What Happens to Your Blood Counts
Intensive chemotherapy doesn’t distinguish perfectly between leukemia cells and the healthy stem cells in your bone marrow that produce normal blood cells. During induction, your blood counts drop dramatically before they recover. This period, called the nadir, is the most dangerous stretch of treatment.
In ALL induction, white blood cells typically bottom out around day 17, dropping to levels so low that the immune system is essentially nonfunctional. Platelets, which control bleeding, tend to hit their lowest point around day 10. Partial platelet recovery usually begins around day 18, with full recovery closer to day 25. During this window, you’re at high risk for infections and bleeding, which is why induction chemotherapy requires hospitalization, often for several weeks.
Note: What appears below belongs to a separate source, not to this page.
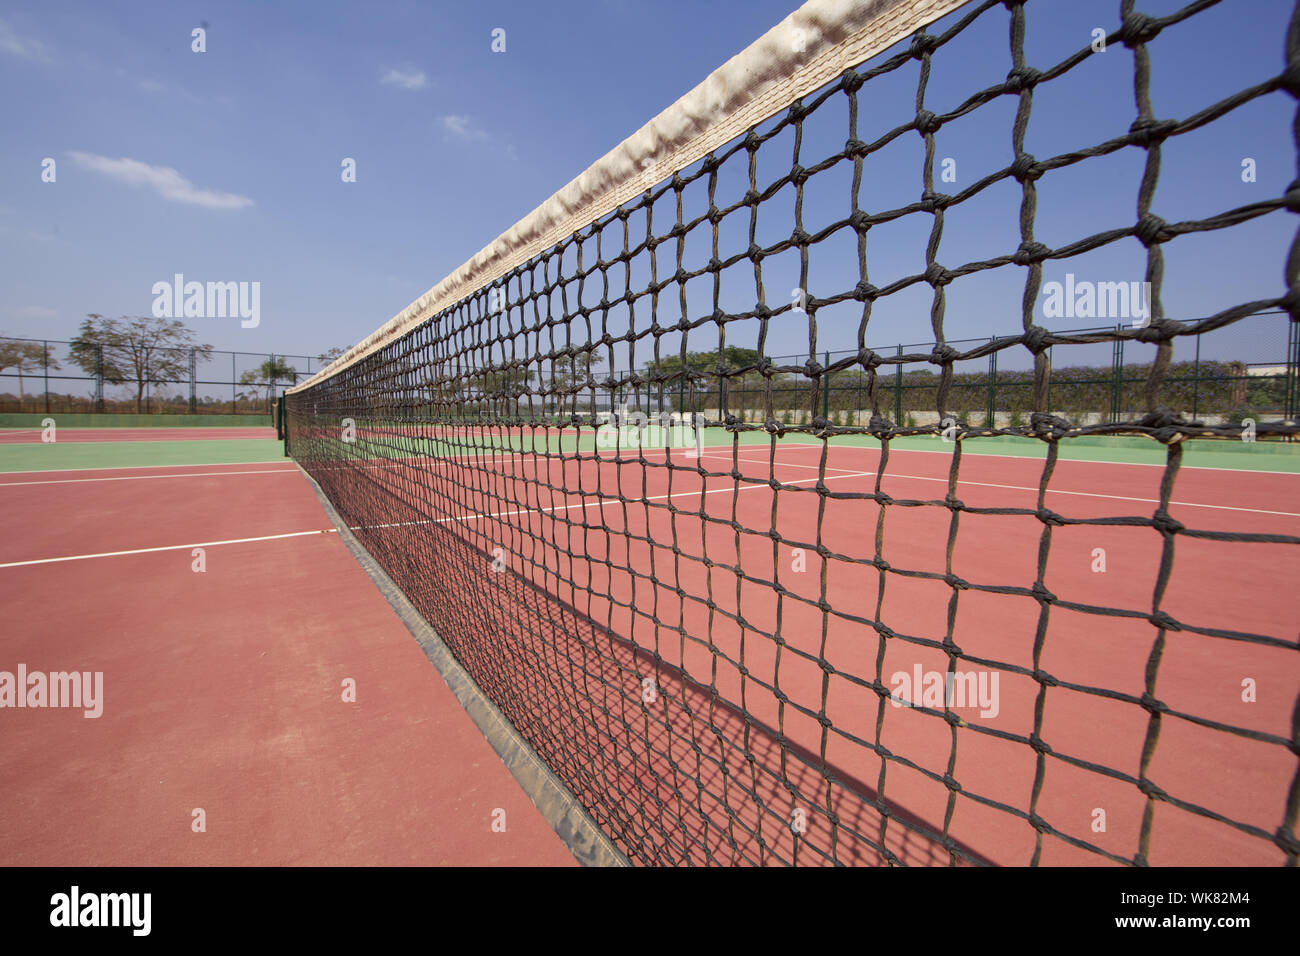 Tennis net in a tennis court Stock Photo

Chemotherapy is delivered through a central venous line rather than a regular IV in the arm. These lines, placed in a large vein in the chest or threaded through the upper arm, provide reliable access that can handle the concentrated drugs without damaging smaller veins. They also spare you from repeated needle sticks during a treatment course that involves frequent blood draws and multiple drug infusions.
Tumor Lysis Syndrome
When chemotherapy kills a large number of leukemia cells at once, those dying cells dump their internal contents into the bloodstream. This flood of potassium, phosphorus, and nucleic acids can overwhelm the kidneys and throw off the body’s electrolyte balance, a condition called tumor lysis syndrome. It’s most common in leukemias with very high white blood cell counts at diagnosis, where the sheer volume of cancer cells means more cellular debris when treatment starts.
Doctors anticipate this by hydrating you aggressively before chemo begins and giving medications that help the body process uric acid, one of the breakdown products that can crystallize in the kidneys. For patients at the highest risk, a more powerful drug can be given intravenously to break down uric acid directly. Lab work is monitored closely in the first 48 to 72 hours of treatment to catch any dangerous shifts early.
How Effective Chemotherapy Is
Effectiveness varies enormously depending on the type of leukemia, the patient’s age, and the specific genetic mutations driving the cancer. For AML, the five-year relative survival rate is about 33%, based on data from 2015 through 2021. That number reflects all ages, and outcomes are significantly better for younger patients. Children and younger adults with AML have considerably higher cure rates, while outcomes for patients over 60 are more challenging because they’re less able to tolerate intensive chemotherapy.
ALL has better overall survival rates, particularly in children, where cure rates with chemotherapy-based regimens exceed 85% in many studies. Adults with ALL have lower but improving survival rates as newer targeted drugs and immunotherapies are added to traditional chemo backbones. For chronic leukemias, the picture is different entirely. Many patients with CML now have near-normal life expectancy on targeted therapy, and CLL patients on modern regimens can achieve years of disease control, with chemotherapy playing a supporting rather than central role.